Exercise description:
Everything from the line with "Danzig, Samhain Lead" to the line with "Betty Barclay Kleid" in the listing below, both lines included, needs to be copied exactly, apart from the pictures.

Records to process:
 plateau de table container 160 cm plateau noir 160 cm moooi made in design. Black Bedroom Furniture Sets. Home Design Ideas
--
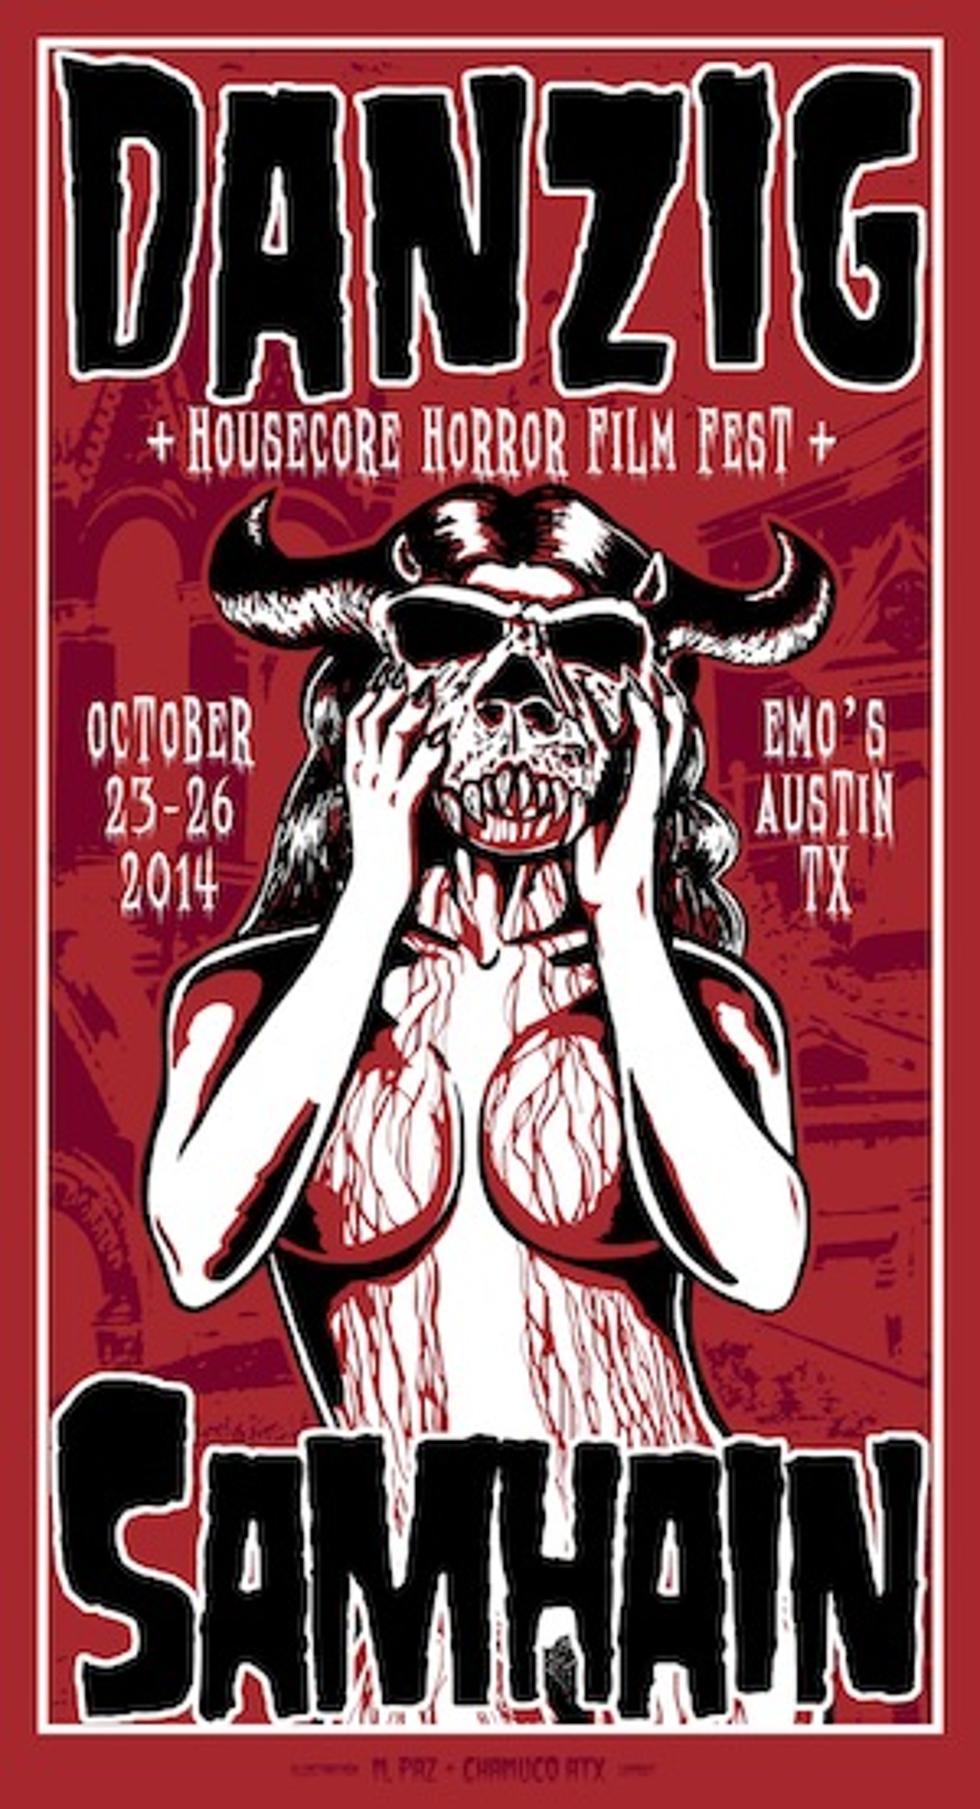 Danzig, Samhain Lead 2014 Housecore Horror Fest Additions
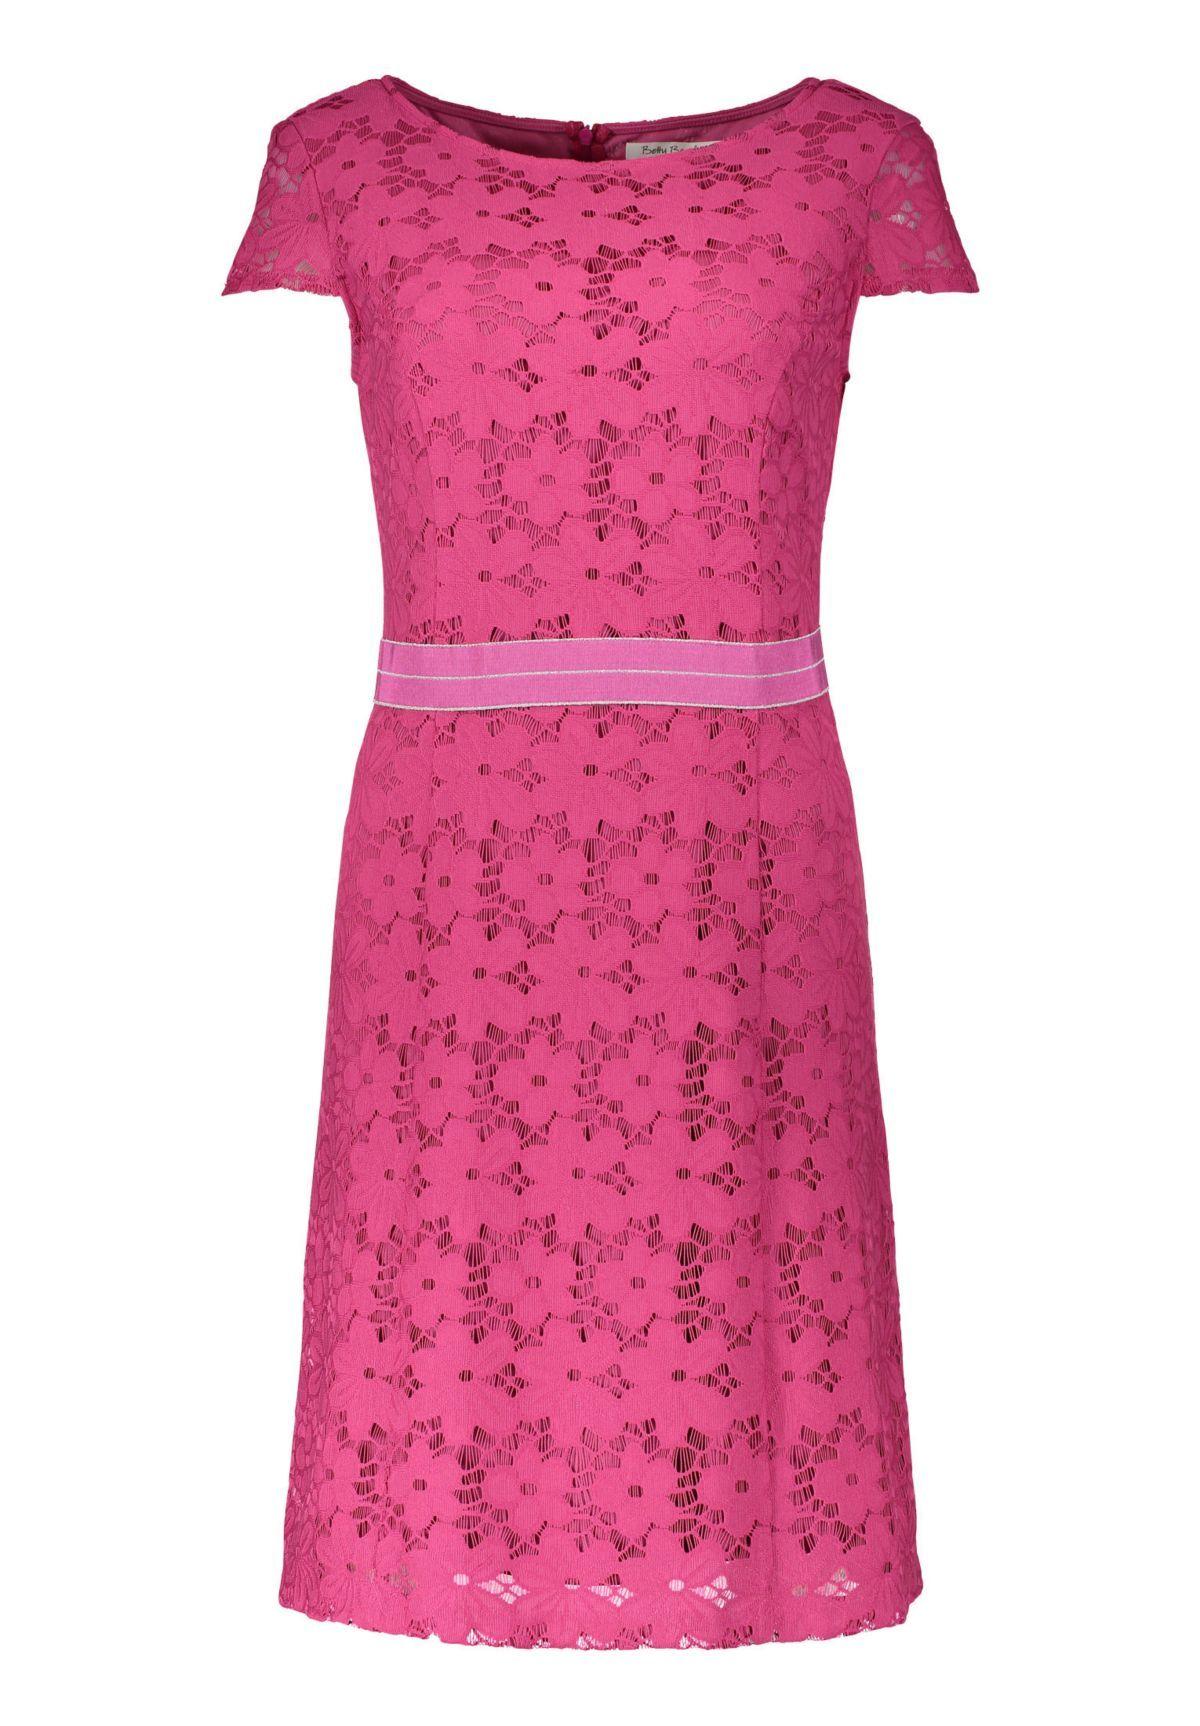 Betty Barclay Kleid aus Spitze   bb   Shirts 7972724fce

Finished task:
 Danzig, Samhain Lead 2014 Housecore Horror Fest Additions
 Betty Barclay Kleid aus Spitze   bb   Shirts 7972724fce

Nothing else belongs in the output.